Luigi’s Mansion for the Nintendo Gamecube was one of my favorite games ever. I loved playing as the “sidekick” who finally gets his moment to shine. I enjoyed playing as the younger brother being a younger sister myself and always being “player two.”

I was excited when Luigi’s Mansion 2: Dark Moon came out for the Nintendo 3DS on March 20, 2013. I bought it, I played it, I didn’t beat it.

I mean, I did eventually. The final boss was difficult for me. It was a pain and it was timed and I panicked and no matter how many times I tried I just could not defeat the final boss.

It wasn’t until my cousin, who is now 13 – you do the math – got the game and brought it with her when we went on vacation about three or four years ago. I had brought my game as well to play with her.

I warned her about the final boss and how difficult it could be and such, but she had breezed right through the entire game like it was nothing!

That was my motivation to beat the game. My competitiveness came out.

I ended up beating the game that week while on vacation, but that was after countless tris. While I beat it before my cousin, she too finished the game that week. The boss took her a couple of tries, but she ultimately defeated it in fewer tries than me.

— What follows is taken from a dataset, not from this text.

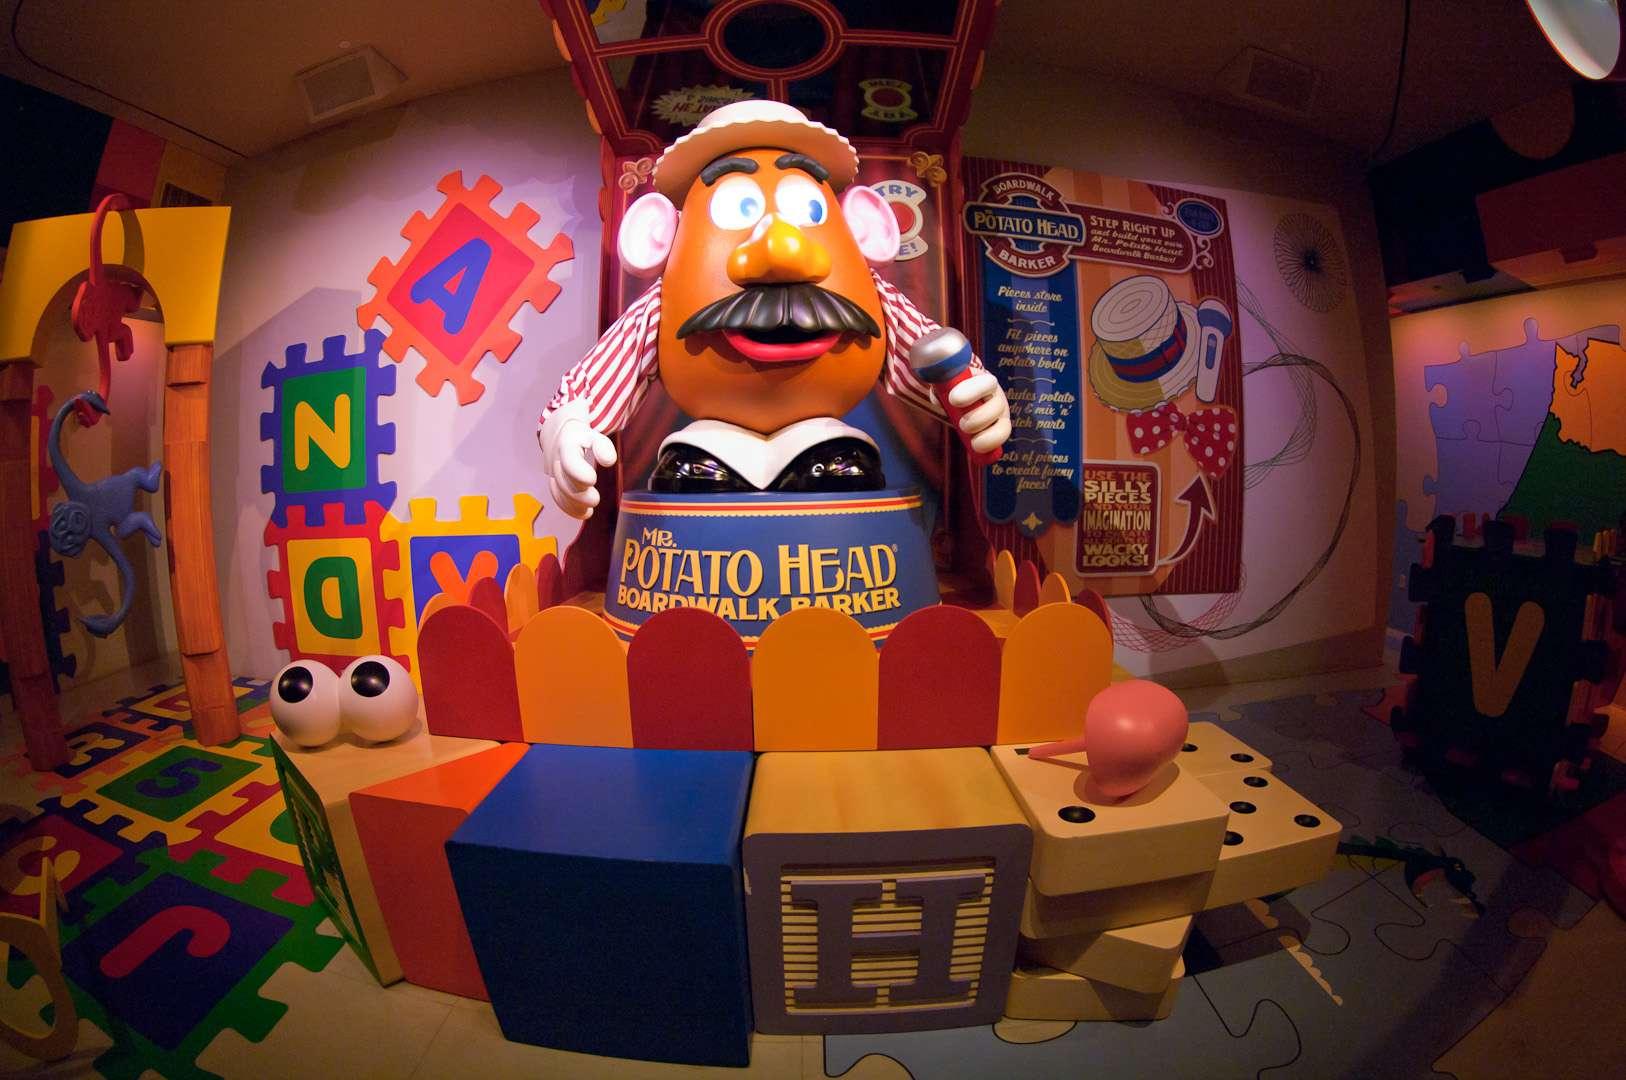 Mr. Potato Head en Toy Story Midway Mania queue

I was getting in the mood to play Luigi’s Mansion again. I made Kris play Luigi’s Mansion for the Gamecube during our challenge in 2016 and realized it’s been a while since I’ve picked up Dark Moon.

I’ve been enjoying myself while playing it. While the story isn’t as strong as the first game, it still brings back a lot of memories.

I’m happy to be playing as Luigi again. Let’s see how long it takes me to defeat the boss this time.